Chris McKhann, an analyst at OptionMonster.

Wells Fargo ( WFC) fell as much as 4.5% today, and options suggest more downside.

In a complicated trade, one large institutional trader bet that the hard-hit bank stock would extend its decline, in the trader's case to $10 by July. WFC started today at $16.85 and finished at $15.95.

The eye-catching position was a "ratio spread," a sophisticated strategy that has recently been used on a large scale in names like the MSCI Brazil Index ETF ( EWZ) and the VIX. The WFC trade involved buying 25,000 of the July 15 puts for $3.40, followed within seconds by the selling of 50,000 of the July 10 puts for $1.45.

The cost of the trade was $0.50, which is the risk if the stock stays above $15. The maximum profit comes if the stock is at $10, and then there is risk below $4.50.

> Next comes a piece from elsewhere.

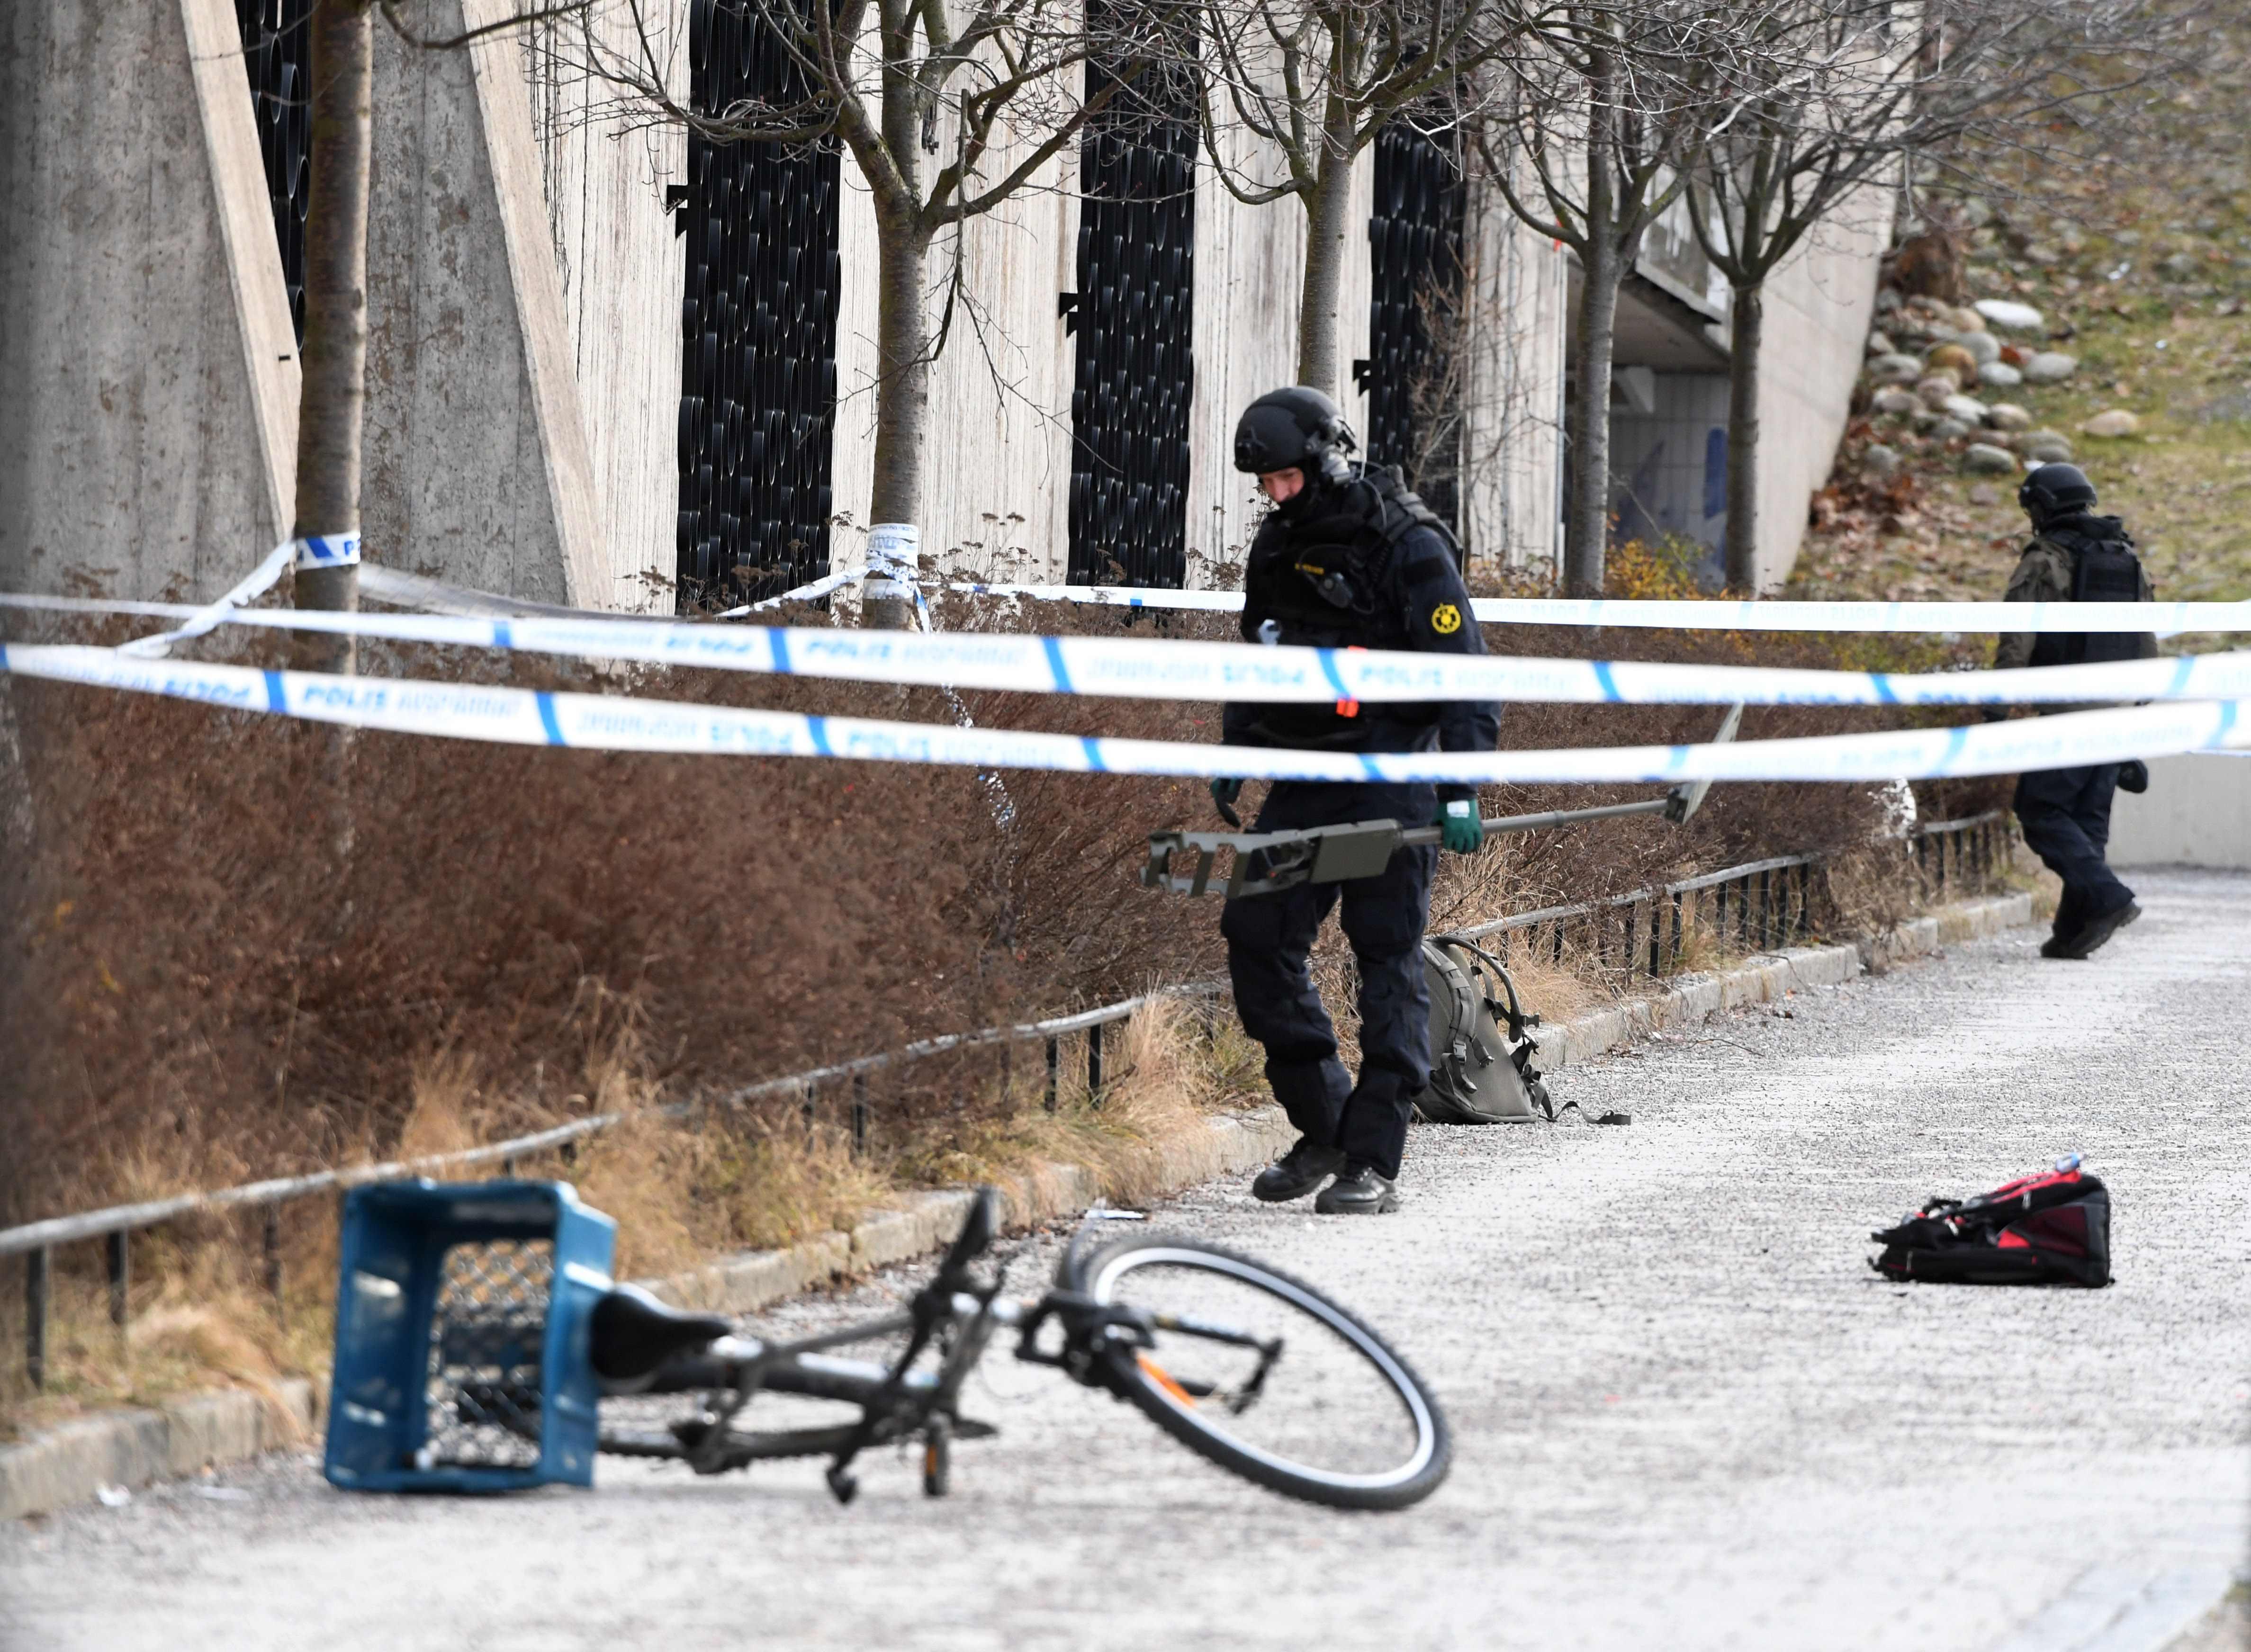 Suécia. Explosão em estação de metro de Estocolmo faz dois feridos

This trade, which is similar to the so-called butterfly trade as it has three of the same four positions, is usually done on the put side, where it has limited risk with an extra short put. Doing this in calls leaves the trader short a naked call, which has unlimited risk.

WFC has been unable for the past two weeks to break up through resistance at $17.50. It remains 100% above the low that was set on March 5 at $7.80, but has trended down from the highs near $40 back in September.

The writer has no positions in the securities.